§ Instructions for the task: Retype word for word the lines of the data below, from the first to the one bearing "Ufc Men's Colossus", with that one included.

§ Data:
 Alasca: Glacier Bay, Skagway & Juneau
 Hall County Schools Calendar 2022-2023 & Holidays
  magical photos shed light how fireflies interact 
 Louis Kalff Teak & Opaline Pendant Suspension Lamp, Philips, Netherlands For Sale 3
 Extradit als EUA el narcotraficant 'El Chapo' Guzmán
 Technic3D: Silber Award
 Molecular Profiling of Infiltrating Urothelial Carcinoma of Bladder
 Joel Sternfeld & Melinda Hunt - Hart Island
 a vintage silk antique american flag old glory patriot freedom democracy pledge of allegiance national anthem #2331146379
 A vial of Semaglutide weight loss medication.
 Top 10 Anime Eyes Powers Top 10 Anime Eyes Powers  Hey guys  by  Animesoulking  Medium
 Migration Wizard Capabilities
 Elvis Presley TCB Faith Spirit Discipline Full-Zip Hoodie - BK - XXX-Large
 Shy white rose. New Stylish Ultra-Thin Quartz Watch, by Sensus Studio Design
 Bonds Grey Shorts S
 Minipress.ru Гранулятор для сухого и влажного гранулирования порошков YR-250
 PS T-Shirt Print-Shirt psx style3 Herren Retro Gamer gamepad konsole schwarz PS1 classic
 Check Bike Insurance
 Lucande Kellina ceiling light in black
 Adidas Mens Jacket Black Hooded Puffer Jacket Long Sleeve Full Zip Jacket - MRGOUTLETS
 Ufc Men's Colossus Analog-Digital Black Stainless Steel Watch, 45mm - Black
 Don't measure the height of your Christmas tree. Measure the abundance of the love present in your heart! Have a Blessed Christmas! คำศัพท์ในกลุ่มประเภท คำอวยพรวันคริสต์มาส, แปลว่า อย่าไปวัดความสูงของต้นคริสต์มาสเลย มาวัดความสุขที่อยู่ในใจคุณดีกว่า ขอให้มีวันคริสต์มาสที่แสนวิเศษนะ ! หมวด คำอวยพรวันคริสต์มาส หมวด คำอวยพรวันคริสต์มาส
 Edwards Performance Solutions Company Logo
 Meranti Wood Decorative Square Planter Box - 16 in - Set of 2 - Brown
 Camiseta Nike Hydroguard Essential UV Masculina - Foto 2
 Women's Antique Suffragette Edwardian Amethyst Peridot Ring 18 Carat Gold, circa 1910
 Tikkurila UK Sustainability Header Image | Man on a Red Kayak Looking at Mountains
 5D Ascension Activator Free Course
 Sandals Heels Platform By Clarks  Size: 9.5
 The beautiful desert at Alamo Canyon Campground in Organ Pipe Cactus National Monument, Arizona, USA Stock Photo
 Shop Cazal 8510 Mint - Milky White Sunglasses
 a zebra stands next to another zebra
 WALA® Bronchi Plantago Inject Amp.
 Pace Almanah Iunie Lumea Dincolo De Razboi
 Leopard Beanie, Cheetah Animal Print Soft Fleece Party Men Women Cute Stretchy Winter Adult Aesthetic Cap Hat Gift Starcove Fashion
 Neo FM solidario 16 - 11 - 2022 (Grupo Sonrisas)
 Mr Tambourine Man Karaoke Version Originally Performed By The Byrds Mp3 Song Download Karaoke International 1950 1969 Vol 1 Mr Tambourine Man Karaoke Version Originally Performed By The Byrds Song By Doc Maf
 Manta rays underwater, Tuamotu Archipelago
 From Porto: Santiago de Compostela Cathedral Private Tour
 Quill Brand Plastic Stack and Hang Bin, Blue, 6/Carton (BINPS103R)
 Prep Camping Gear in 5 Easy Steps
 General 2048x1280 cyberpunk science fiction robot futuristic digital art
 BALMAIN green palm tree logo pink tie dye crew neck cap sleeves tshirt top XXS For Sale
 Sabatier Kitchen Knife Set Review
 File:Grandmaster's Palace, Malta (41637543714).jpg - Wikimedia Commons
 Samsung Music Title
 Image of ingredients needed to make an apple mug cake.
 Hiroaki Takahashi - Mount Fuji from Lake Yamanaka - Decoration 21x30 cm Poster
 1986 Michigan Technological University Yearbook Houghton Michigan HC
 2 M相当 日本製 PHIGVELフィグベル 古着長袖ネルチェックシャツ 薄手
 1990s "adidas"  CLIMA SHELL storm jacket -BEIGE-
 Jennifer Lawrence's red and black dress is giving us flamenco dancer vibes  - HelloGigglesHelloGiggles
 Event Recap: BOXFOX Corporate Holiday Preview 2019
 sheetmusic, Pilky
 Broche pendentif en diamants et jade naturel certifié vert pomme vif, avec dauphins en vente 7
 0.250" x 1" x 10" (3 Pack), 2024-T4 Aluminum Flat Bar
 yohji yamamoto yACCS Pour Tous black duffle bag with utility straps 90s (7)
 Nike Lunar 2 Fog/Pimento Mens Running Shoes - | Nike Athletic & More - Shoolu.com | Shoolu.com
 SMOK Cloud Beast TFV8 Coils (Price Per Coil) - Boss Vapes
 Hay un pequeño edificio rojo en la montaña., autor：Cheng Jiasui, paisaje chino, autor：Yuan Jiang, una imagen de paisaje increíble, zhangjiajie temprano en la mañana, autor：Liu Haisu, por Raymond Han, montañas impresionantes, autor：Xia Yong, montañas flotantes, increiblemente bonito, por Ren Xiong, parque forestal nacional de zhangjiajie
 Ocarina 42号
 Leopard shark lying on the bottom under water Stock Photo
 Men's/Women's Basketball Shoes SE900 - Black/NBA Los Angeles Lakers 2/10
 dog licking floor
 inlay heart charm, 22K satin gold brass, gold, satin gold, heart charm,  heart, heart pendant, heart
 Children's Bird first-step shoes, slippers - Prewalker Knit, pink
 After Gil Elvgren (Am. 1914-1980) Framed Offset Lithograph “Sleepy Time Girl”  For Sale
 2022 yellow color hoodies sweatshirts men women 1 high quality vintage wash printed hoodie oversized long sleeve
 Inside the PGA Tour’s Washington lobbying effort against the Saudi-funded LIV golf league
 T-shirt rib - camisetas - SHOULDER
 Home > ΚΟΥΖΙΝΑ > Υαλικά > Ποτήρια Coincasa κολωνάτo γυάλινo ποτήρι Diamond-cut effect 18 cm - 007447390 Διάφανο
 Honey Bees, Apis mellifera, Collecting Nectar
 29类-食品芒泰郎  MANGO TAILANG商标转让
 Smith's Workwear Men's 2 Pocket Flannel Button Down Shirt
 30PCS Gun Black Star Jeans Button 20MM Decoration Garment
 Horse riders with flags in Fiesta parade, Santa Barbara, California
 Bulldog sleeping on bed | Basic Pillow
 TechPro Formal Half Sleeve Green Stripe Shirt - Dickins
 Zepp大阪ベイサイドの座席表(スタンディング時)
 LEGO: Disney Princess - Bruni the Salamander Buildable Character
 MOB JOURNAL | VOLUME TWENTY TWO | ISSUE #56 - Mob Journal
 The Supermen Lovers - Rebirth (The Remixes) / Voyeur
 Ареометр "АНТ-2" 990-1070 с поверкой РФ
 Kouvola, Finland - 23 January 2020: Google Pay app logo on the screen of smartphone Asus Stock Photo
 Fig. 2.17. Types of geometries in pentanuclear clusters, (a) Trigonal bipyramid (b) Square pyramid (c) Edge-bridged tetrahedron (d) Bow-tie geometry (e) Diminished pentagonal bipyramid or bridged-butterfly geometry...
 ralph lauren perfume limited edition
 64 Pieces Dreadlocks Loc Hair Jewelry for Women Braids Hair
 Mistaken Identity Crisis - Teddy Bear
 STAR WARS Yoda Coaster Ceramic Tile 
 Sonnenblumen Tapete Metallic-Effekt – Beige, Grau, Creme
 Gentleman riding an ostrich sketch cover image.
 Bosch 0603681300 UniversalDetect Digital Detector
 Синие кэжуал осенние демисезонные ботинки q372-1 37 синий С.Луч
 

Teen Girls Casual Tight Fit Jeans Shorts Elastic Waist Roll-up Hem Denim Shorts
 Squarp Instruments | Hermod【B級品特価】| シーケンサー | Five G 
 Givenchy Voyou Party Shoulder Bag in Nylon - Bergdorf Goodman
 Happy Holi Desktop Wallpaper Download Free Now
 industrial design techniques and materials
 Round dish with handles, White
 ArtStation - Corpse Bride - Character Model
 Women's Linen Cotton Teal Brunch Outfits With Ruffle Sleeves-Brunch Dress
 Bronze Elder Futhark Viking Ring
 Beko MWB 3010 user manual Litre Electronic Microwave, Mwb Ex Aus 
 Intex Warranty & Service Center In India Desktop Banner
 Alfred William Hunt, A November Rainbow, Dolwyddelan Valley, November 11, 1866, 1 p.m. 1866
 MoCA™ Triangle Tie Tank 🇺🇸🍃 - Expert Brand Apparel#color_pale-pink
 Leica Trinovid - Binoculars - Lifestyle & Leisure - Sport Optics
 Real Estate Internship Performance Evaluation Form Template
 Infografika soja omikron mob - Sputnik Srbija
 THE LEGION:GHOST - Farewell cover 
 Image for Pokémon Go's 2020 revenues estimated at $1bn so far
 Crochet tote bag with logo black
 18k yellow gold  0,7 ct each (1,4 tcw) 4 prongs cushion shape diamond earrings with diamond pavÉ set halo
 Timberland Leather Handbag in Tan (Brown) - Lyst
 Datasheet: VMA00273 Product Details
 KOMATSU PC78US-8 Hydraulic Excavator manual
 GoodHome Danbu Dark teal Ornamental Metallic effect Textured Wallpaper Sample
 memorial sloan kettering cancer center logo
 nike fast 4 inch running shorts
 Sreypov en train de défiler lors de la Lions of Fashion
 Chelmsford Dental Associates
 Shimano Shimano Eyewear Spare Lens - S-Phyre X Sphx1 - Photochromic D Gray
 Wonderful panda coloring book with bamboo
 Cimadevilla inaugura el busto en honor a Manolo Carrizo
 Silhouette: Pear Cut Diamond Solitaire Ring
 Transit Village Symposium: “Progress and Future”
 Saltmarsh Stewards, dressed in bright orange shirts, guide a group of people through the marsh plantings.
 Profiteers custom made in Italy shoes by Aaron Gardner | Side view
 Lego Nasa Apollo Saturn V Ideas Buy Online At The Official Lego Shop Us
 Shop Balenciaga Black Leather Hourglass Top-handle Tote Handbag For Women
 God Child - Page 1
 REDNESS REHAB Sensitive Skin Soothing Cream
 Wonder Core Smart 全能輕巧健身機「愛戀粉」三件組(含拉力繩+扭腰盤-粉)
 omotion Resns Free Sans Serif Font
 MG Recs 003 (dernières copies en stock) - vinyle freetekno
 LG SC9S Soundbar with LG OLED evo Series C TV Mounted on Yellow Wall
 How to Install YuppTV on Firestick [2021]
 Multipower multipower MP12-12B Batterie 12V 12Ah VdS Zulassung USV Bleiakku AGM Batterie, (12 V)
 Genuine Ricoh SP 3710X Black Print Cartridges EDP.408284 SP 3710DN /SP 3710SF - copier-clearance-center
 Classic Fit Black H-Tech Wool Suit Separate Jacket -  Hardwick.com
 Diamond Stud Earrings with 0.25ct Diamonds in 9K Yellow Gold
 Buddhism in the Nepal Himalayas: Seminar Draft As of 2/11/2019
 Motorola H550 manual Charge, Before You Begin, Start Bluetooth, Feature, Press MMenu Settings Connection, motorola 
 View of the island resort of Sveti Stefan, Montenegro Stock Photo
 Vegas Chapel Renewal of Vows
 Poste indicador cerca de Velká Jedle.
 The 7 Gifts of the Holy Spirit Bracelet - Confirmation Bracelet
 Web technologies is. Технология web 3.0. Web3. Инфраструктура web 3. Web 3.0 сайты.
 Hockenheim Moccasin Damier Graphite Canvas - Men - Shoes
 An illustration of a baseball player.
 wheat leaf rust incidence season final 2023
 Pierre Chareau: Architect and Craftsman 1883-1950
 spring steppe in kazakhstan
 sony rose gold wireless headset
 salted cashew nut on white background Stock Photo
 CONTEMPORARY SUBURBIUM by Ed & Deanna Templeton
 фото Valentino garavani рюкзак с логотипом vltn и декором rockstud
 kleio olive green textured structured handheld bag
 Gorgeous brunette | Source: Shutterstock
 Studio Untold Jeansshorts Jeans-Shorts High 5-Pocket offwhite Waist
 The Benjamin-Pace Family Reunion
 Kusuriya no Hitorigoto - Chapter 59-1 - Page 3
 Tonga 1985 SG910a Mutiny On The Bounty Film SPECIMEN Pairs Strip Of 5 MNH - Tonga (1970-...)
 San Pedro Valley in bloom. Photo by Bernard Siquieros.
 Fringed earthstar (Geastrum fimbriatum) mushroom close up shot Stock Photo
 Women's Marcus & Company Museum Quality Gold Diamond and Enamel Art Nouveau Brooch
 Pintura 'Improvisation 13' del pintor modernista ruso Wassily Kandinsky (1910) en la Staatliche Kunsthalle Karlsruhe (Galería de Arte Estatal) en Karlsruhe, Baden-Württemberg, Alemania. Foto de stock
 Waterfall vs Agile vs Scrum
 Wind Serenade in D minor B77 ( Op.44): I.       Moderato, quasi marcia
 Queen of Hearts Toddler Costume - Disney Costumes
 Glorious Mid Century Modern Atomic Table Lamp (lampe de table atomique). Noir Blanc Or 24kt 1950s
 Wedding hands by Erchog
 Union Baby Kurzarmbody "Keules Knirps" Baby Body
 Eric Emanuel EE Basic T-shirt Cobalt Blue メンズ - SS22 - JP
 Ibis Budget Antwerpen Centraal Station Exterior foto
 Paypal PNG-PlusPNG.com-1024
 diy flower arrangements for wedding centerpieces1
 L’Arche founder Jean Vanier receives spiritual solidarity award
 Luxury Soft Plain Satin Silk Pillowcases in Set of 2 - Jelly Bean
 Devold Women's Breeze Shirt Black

§ Task result:
 Alasca: Glacier Bay, Skagway & Juneau
 Hall County Schools Calendar 2022-2023 & Holidays
  magical photos shed light how fireflies interact 
 Louis Kalff Teak & Opaline Pendant Suspension Lamp, Philips, Netherlands For Sale 3
 Extradit als EUA el narcotraficant 'El Chapo' Guzmán
 Technic3D: Silber Award
 Molecular Profiling of Infiltrating Urothelial Carcinoma of Bladder
 Joel Sternfeld & Melinda Hunt - Hart Island
 a vintage silk antique american flag old glory patriot freedom democracy pledge of allegiance national anthem #2331146379
 A vial of Semaglutide weight loss medication.
 Top 10 Anime Eyes Powers Top 10 Anime Eyes Powers  Hey guys  by  Animesoulking  Medium
 Migration Wizard Capabilities
 Elvis Presley TCB Faith Spirit Discipline Full-Zip Hoodie - BK - XXX-Large
 Shy white rose. New Stylish Ultra-Thin Quartz Watch, by Sensus Studio Design
 Bonds Grey Shorts S
 Minipress.ru Гранулятор для сухого и влажного гранулирования порошков YR-250
 PS T-Shirt Print-Shirt psx style3 Herren Retro Gamer gamepad konsole schwarz PS1 classic
 Check Bike Insurance
 Lucande Kellina ceiling light in black
 Adidas Mens Jacket Black Hooded Puffer Jacket Long Sleeve Full Zip Jacket - MRGOUTLETS
 Ufc Men's Colossus Analog-Digital Black Stainless Steel Watch, 45mm - Black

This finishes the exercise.